Should I stuff the turkey?

According to James Martin the answer is a categoric no. But if you must, stuff the neck cavity only, leaving the main cavity free for heat to circulate, making sure the turkey is throughly cooked through.


What is brining and is it important?

Brining is when you steep the turkey overnight, usually in a salty mixture to which you can add other festive flavours. As Nigella vouches: "For me the only turkey is a brined one. Not only does it tenderise and add subtle spiciness, but it makes carving the turkey incredibly much easier."

You can brine a turkey for up to two days, but you'll need a container big enough to submerge it completely and somewhere cold enough to keep it during that time.


I'm using a crown - can I brine that?

Yes, but you only need to brine it for around five to six hours.

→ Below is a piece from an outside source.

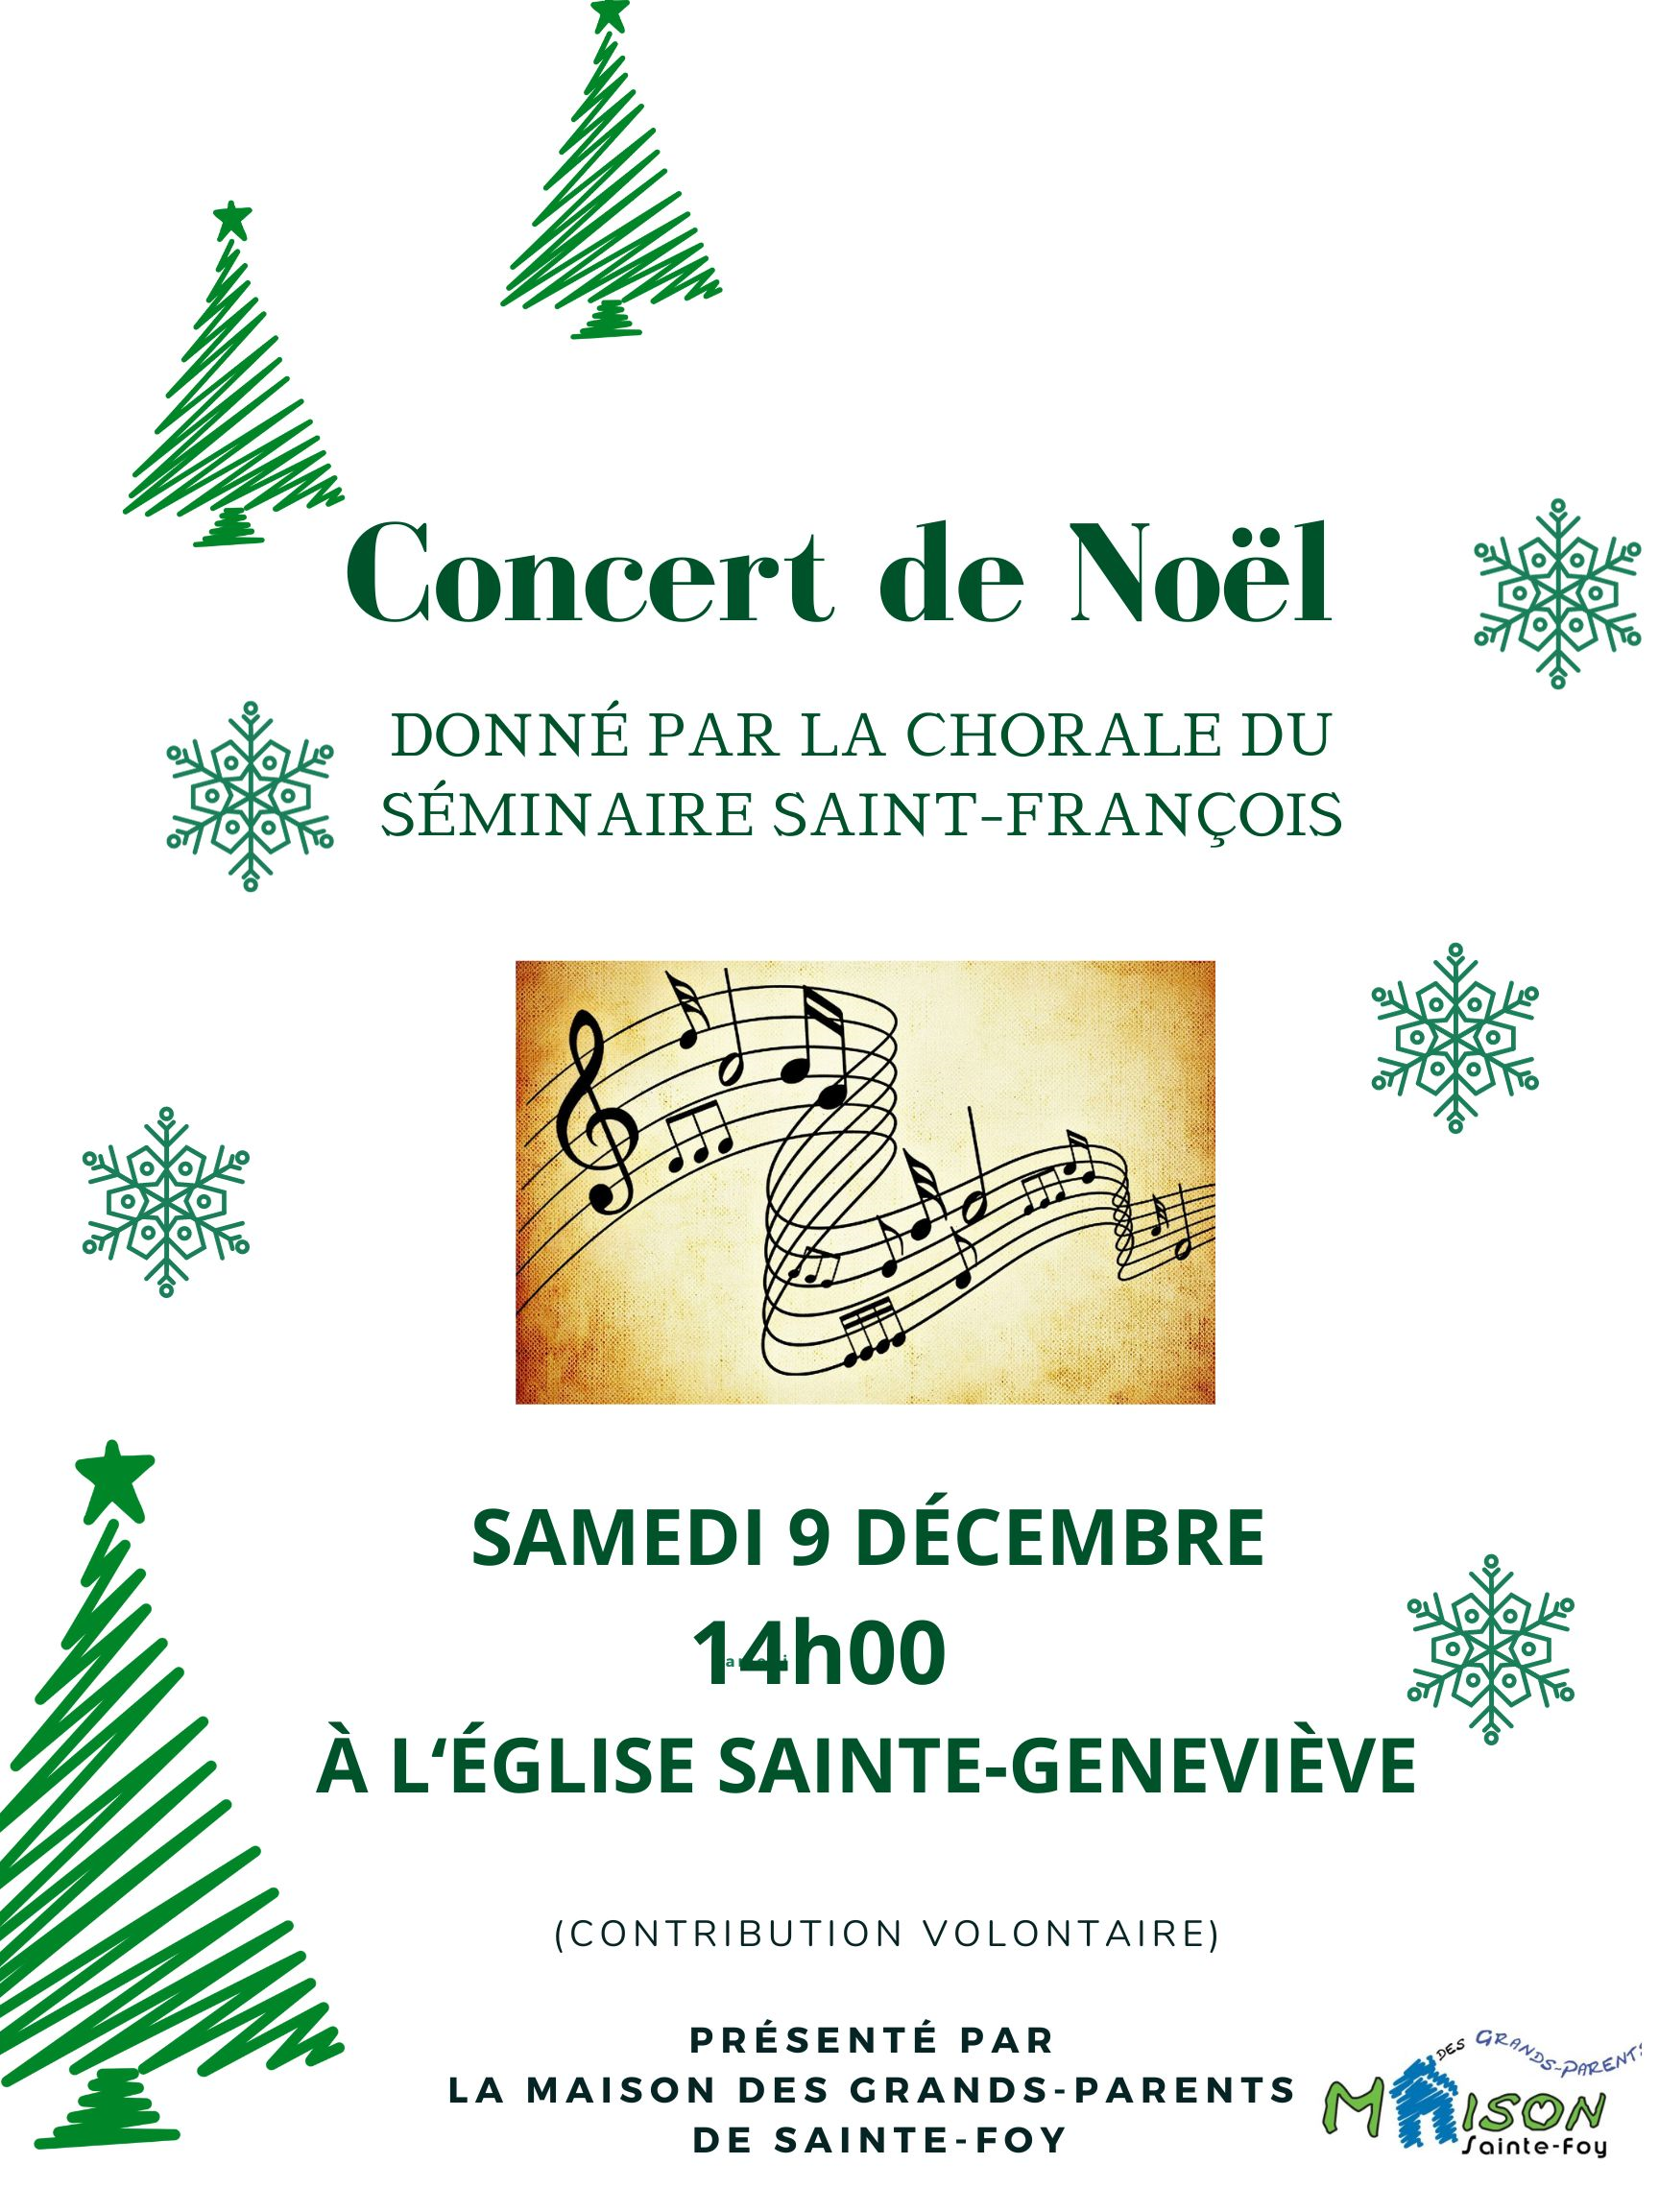 Concert de Noël du 9 décembre 2023 à 14 h dans l'église Sainte-Geneviève
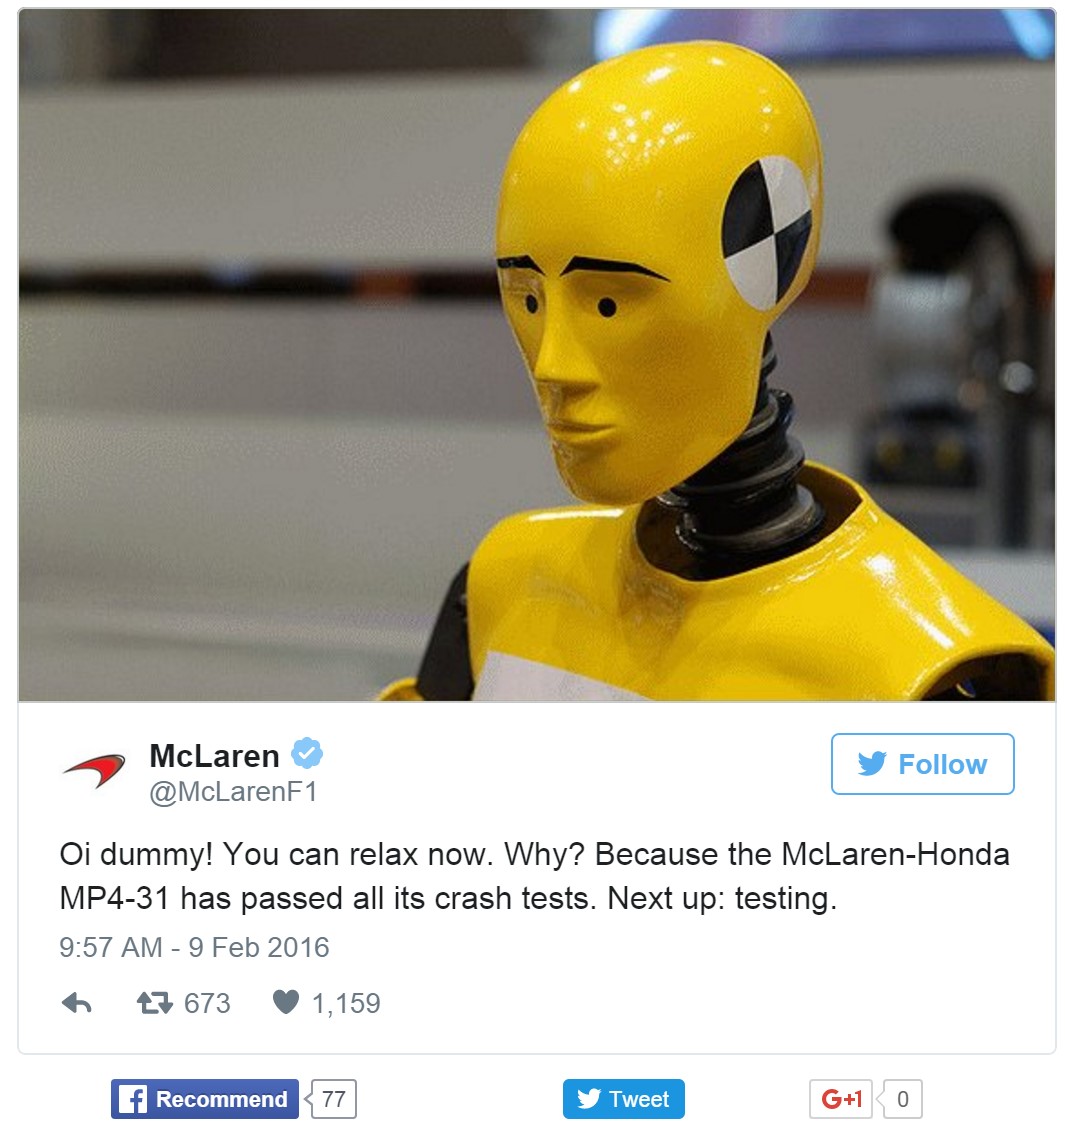 McLaren tweet

After brining, wash the bird throughly inside and out and pat dry before cooking it. Do this 1-2 hours before you're thinking of putting it in the oven.


How long do I need to cook a turkey for?

  • Aim for 20 mins for every kilogram plus a further 70 minutes if the joint is under 4kg
  • Add 90 minutes if the bird is over 4kg
  • Cook it at 190C (Fan 180C)/375F/Gas Mark 5
  • Cover the turkey loosely with foil and remove foil for last 40 minutes for browning, or put slices of streaky bacon on the breast to prevent it from drying out

Once the turkey is cooked, you should leave it to rest, covered loosely with foil, for a minimum of 15-20 minutes before carving.


How to carve a turkey

The cook may wish to present the roasted turkey to the assembled company for general acclaim, but if they're canny they'll then retire to the kitchen and employ Jamie Oliver's cunning turkey-carving trick. He removes each breast whole from the bone and then carves it once off the bird. It's much easier this way.

Happy festive feasting.

*If you are starting off with a frozen turkey - click here for advice on how to defrost it safely before cooking.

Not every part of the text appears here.